Un couple dont le train de vie demeure modeste fait remplacer la chaudière défaillante du logement familial pour un coût de 4 000 € : la dépense, qui répond à un besoin élémentaire d’habitation et améliore le confort de la famille sans enrichir le patrimoine, présente un caractère ménager et oblige solidairement les deux époux. En revanche, l’acquisition, par le seul mari, d’un terrain attenant pour 80 000 € en vue d’agrandir la propriété s’analyse en une dépense d’investissement : l’épouse n’en est pas tenue à l’égard du vendeur.
- S’agissant des dépenses ayant pour finalité l’éducation des enfants
- Les dépenses réalisées en vue de l’éducation des enfants ne soulèvent pas de difficulté de qualification.
- Ce sont essentiellement celles qui sont liées à l’alimentation, à la nourriture, à l’habillement, à la scolarité ou encore à la santé.
- Il peut encore s’agit de dépenses relatives aux loisirs des enfants, telles que les frais de licence d’une pratique sportive ou les frais relatifs à l’inscription dans une école de musique et plus généralement dans toute structure cultuelle et artistique.
- Il est indifférent que l’enfant soit mineur ou majeur : ce qui importe c’est qu’il soit à la charge de ses parents. La solidarité épouse ainsi la durée réelle de l’entretien, et non les bornes formelles de la minorité.
- Plus délicate est, en revanche, la question des dépenses exposées pour un enfant qui ne serait issu d’un seul époux.
- Pour l’heure, la jurisprudence ne s’est pas prononcée sur cette question. Quant à la doctrine, elle est hésitante.
- Pour Anne Karm, « la discussion semble devoir se régler sur le terrain de la contribution et non de l’obligation à la dette».
- Autrement dit, il y aurait lieu de faire fi de la situation du couple dont les tiers ne sont pas censés avoir connaissance et considérer que dès lors qu’une dépense est exposée pour l’éducation de l’un des enfants qui compose le ménage, cette dépense présente un caractère ménager.
- Cette analyse se recommande de l’économie même du texte : l’article 220 protège le tiers de bonne foi, lequel ne saurait être tenu d’investiguer la composition exacte du foyer auquel profite la dépense.
II) L’indifférence de la source de la dette : les dettes contractuelles et extracontractuelles
La lecture de l’alinéa 1er de l’article 220 du Code civil suggère que seules les dépenses ménagères qui auraient une cause contractuelle donneraient lieu à solidarité.

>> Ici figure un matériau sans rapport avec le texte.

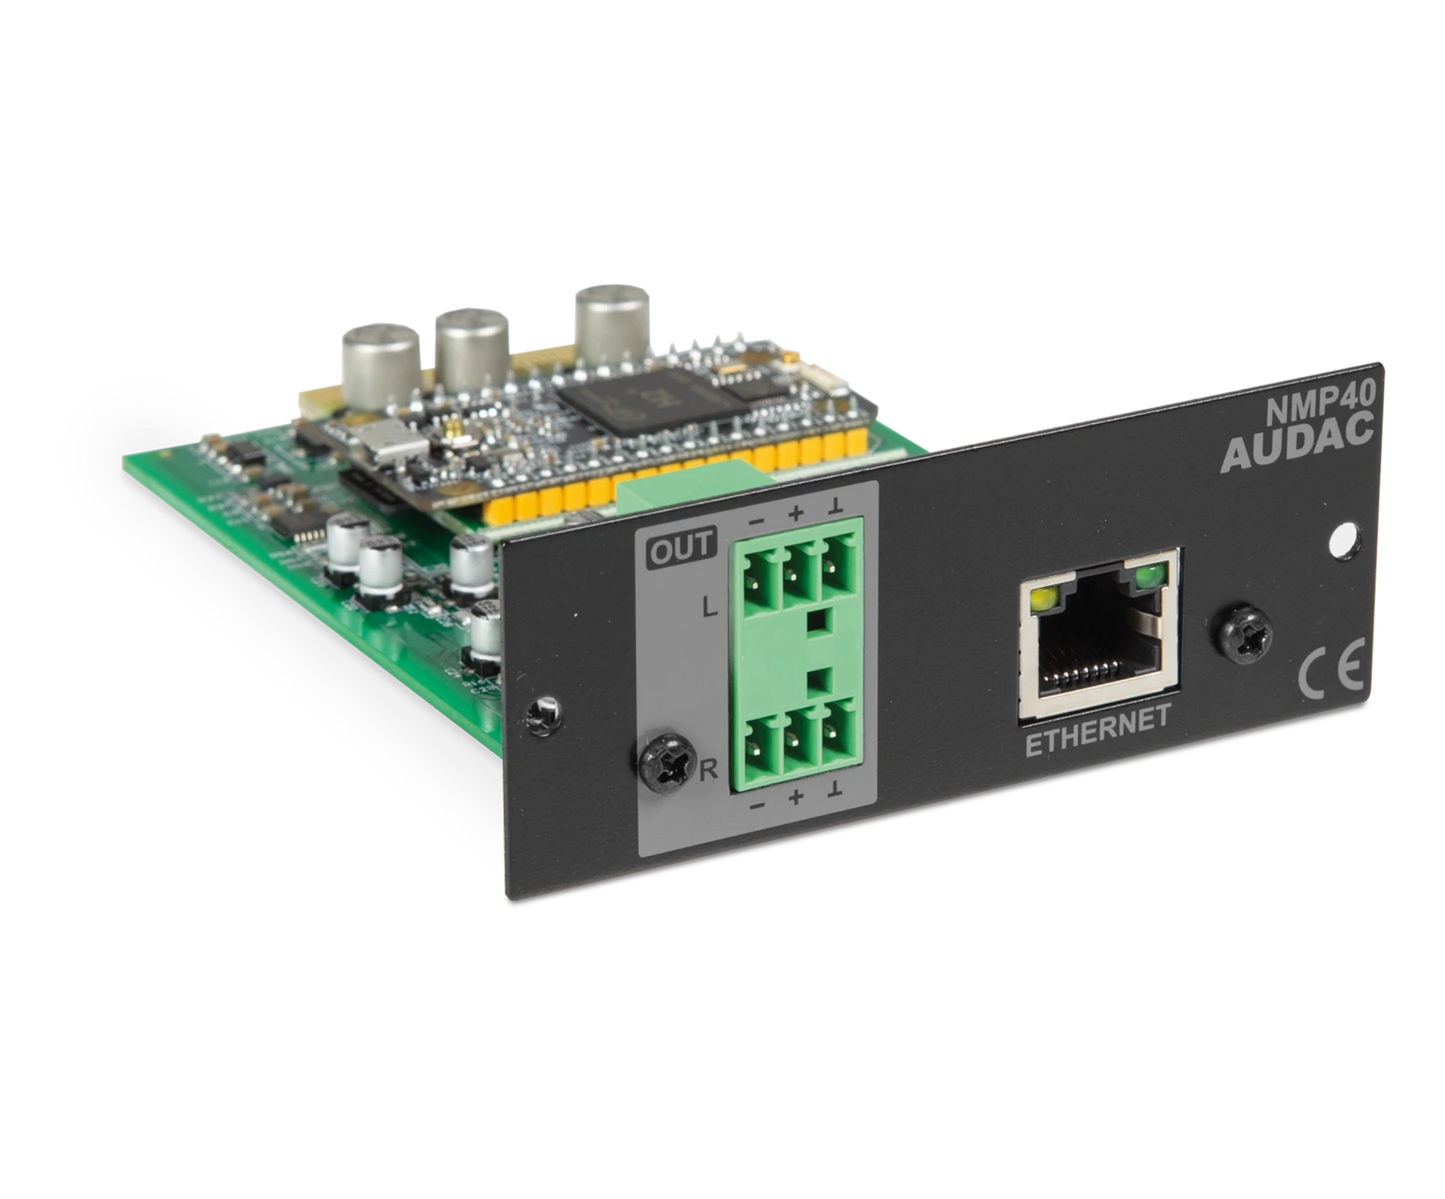 NMP40 Audio Streaming Sourcecon™ Module

La référence au contrat intervient, en effet, à deux reprises dans le texte :
- Tout d’abord, il est prévu que « chacun des époux a pouvoir pour passer seul les contrats qui ont pour objet l’entretien du ménage ou l’éducation des enfants».
- Ensuite, il est énoncé que « toute dette ainsi contractée par l’un oblige l’autre solidairement.»
Est-ce à dire qu’une dette qui aurait une cause extracontractuelle serait exclue du domaine de la solidarité ?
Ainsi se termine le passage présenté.